Esmer genç pencereyi açtığında, odanın serinlemesiyle üşüyerek küfürler eşliğinde kalkan Yoongi yatakta arkadaşına etmediği küfrü bırakmamıştı
"Ulan şurada uyuyacağımız toplasan dört saatimiz var ne diye yarım saat erkenden uyandırıyorsun hem manyak mısın sen ocak ayında sabahın köründe pencereyi açmak ne!?"
Taehyung pek aldırış etmemiş gözlerini duyduklarıyla devirip havalandırdığı odanın penceresini örtmüştü.
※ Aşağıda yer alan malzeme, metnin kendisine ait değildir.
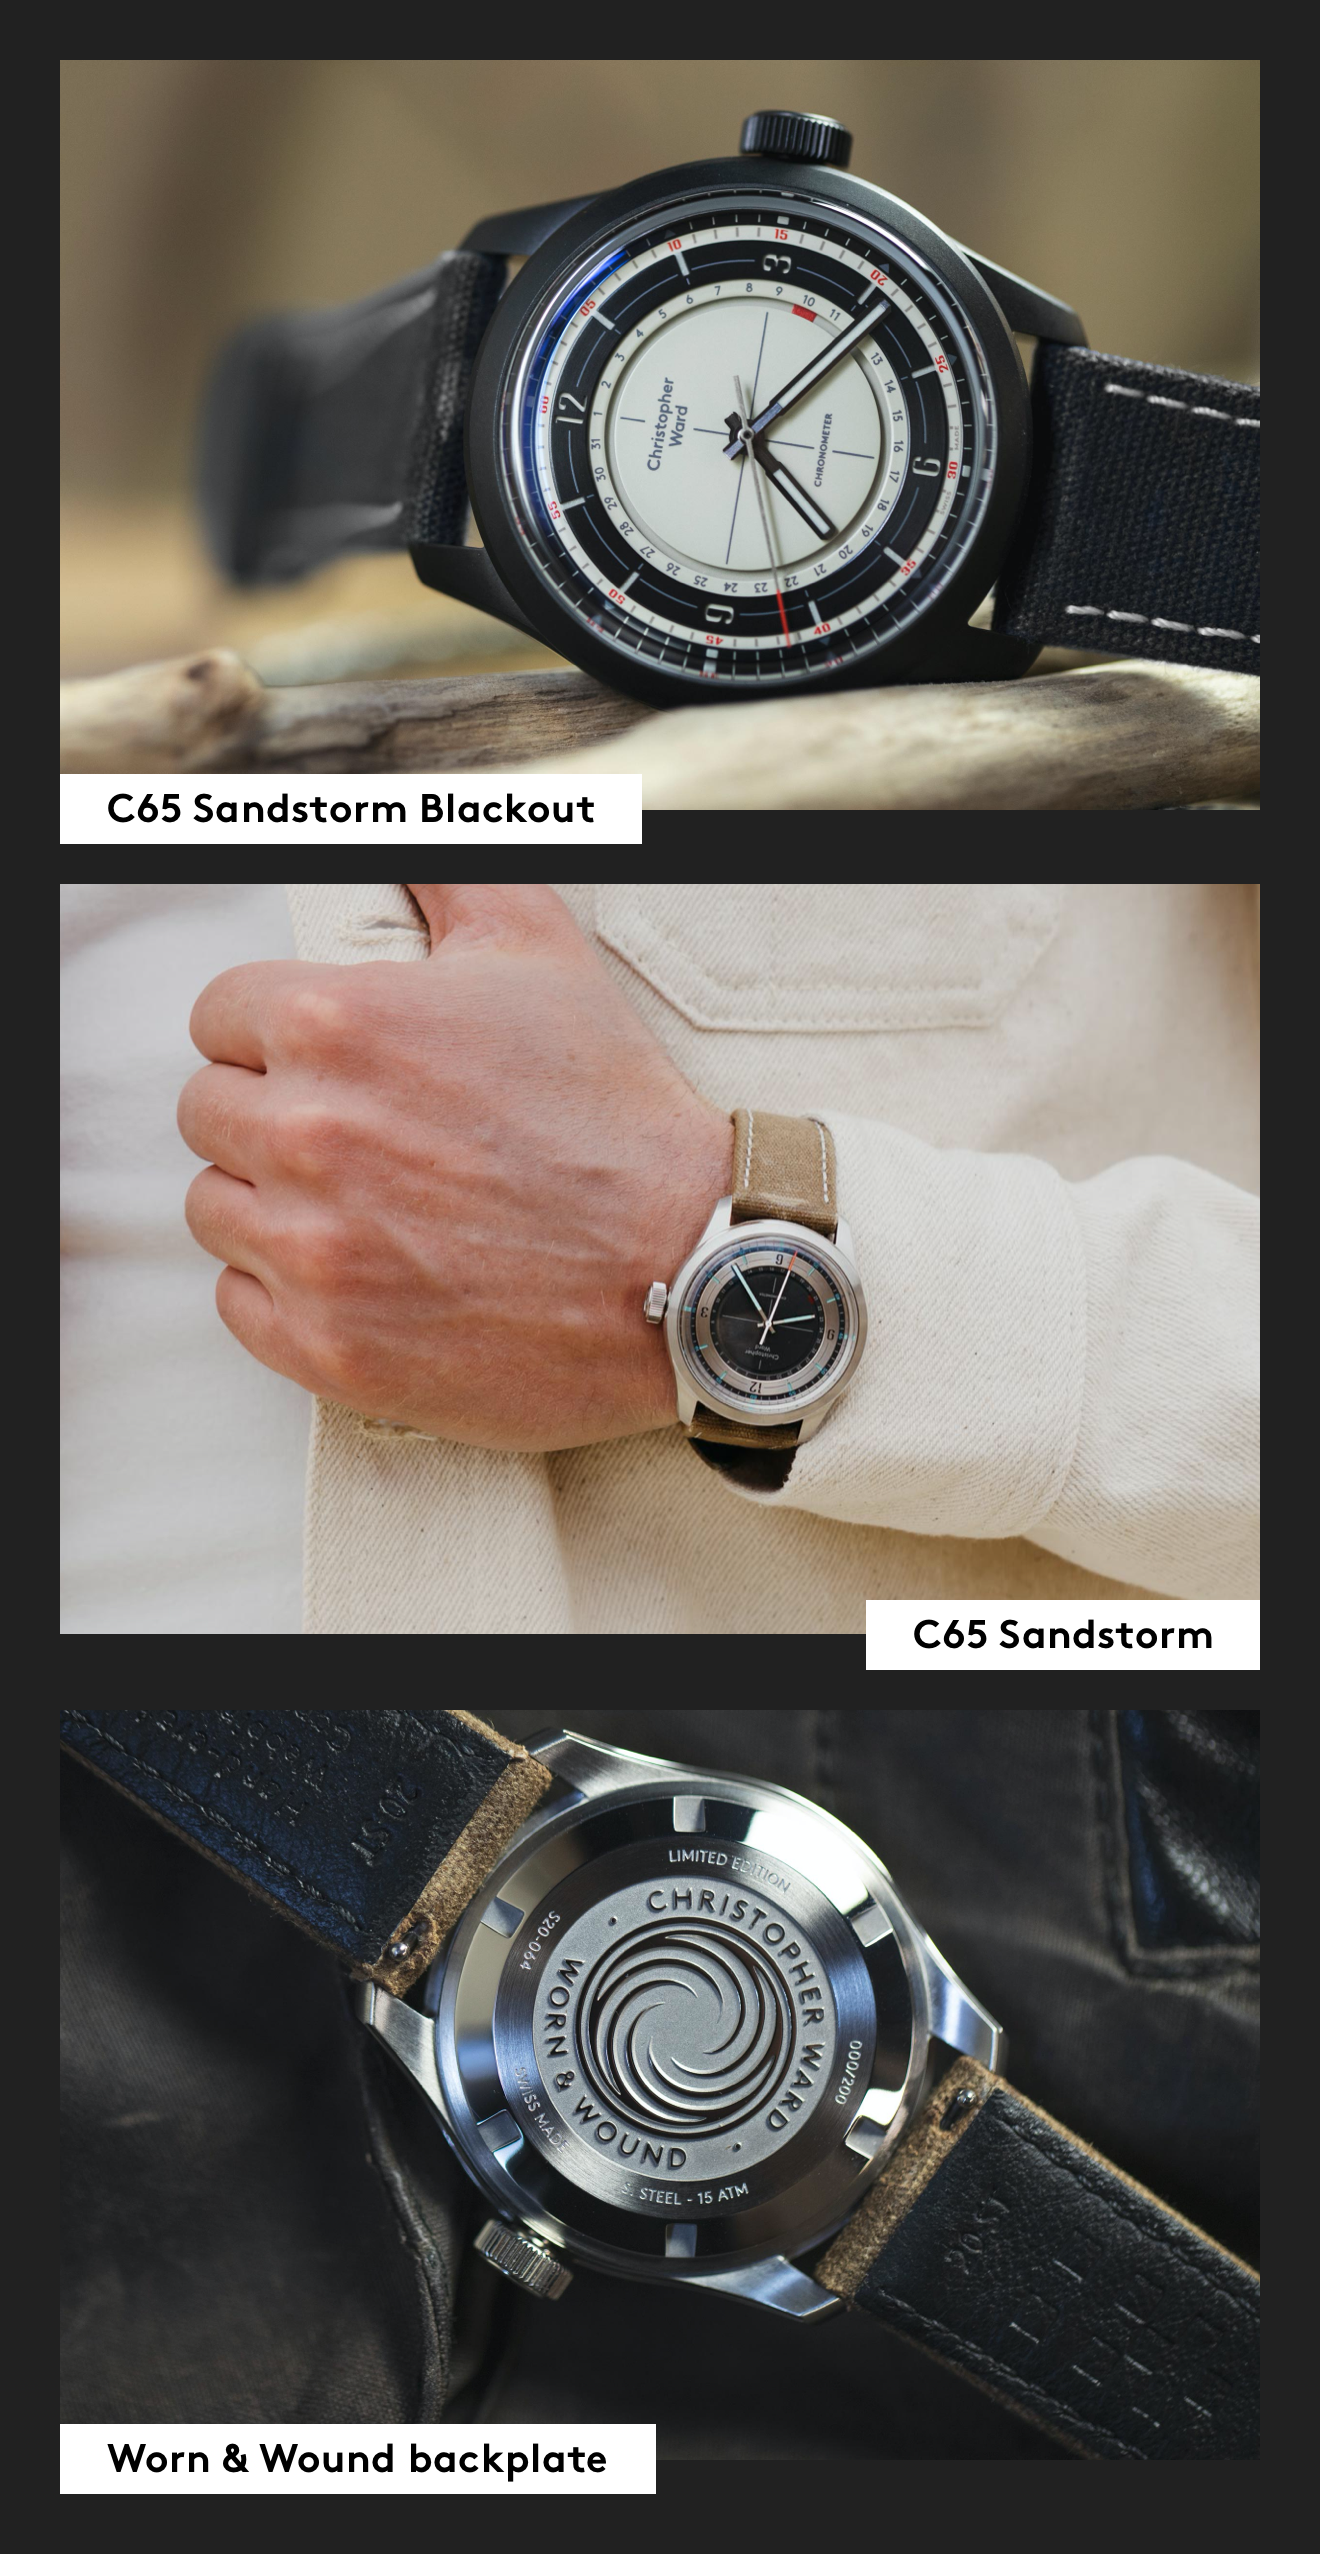 C65 Sandstorm and Sandstorm Blackout Chronometers
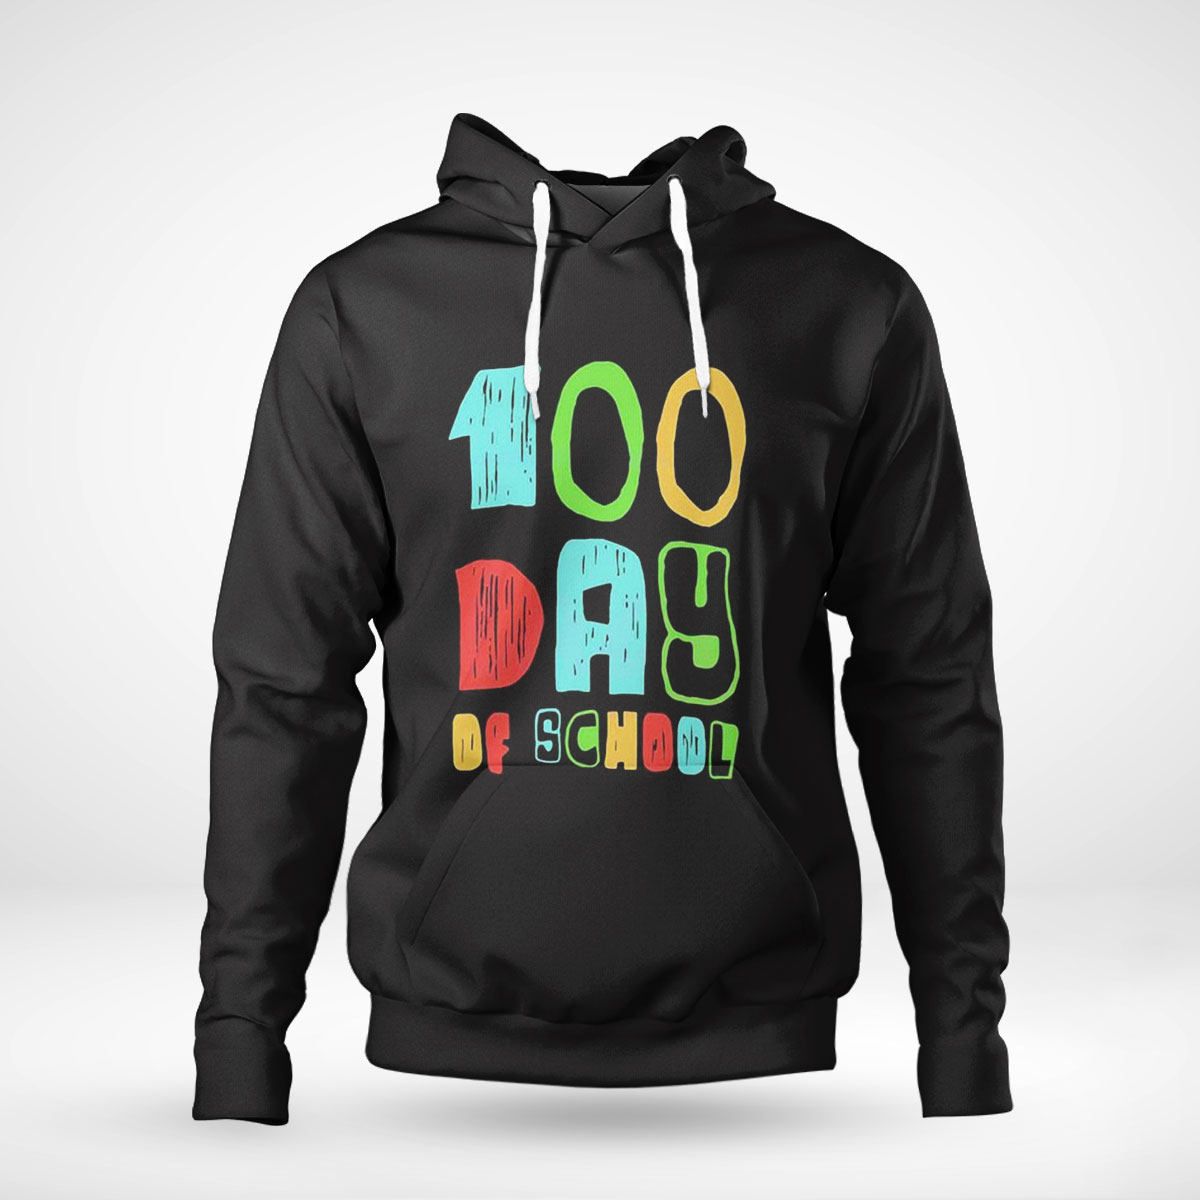 100 Day Of School For Teacher Shirt Ladies Tee

"Ben bütün eşyaları hazırladım aşağıda kahvaltı da hazır. Güzelce duşunu al kahvaltıyı yapıp ardından çıkalım yolumuz uzun uçak kullanmayacağız."
Yatakta yarı çıplak kendine yeni gelmeye başlamış beyaz tenli uyku mahmuru ve agresifti yüzünü ovuşturup ayaklandı.
"Biricik Başkanın Namjoon beyin bir telefonuna bakardı uçağımızın hazırlanması biraz imkanlarını mı kullansan ne?"
Odasındaki kıyafet dolabını açıp yol için rahat giyecek kıyafetler seçen Taehyung arkadaşının huysuz tavrına tekrar göz devirip sessizce bir 'hıyyy' çekti
"Eğer başkanı ararsam nereye gittiğimizi öğrenecek ve meraklanacak sen demedin mi hem, öğrenmemesi lazım diye. Yeni uyandığında aptal ve huzursuz oluyorsun, toparlan biran önce."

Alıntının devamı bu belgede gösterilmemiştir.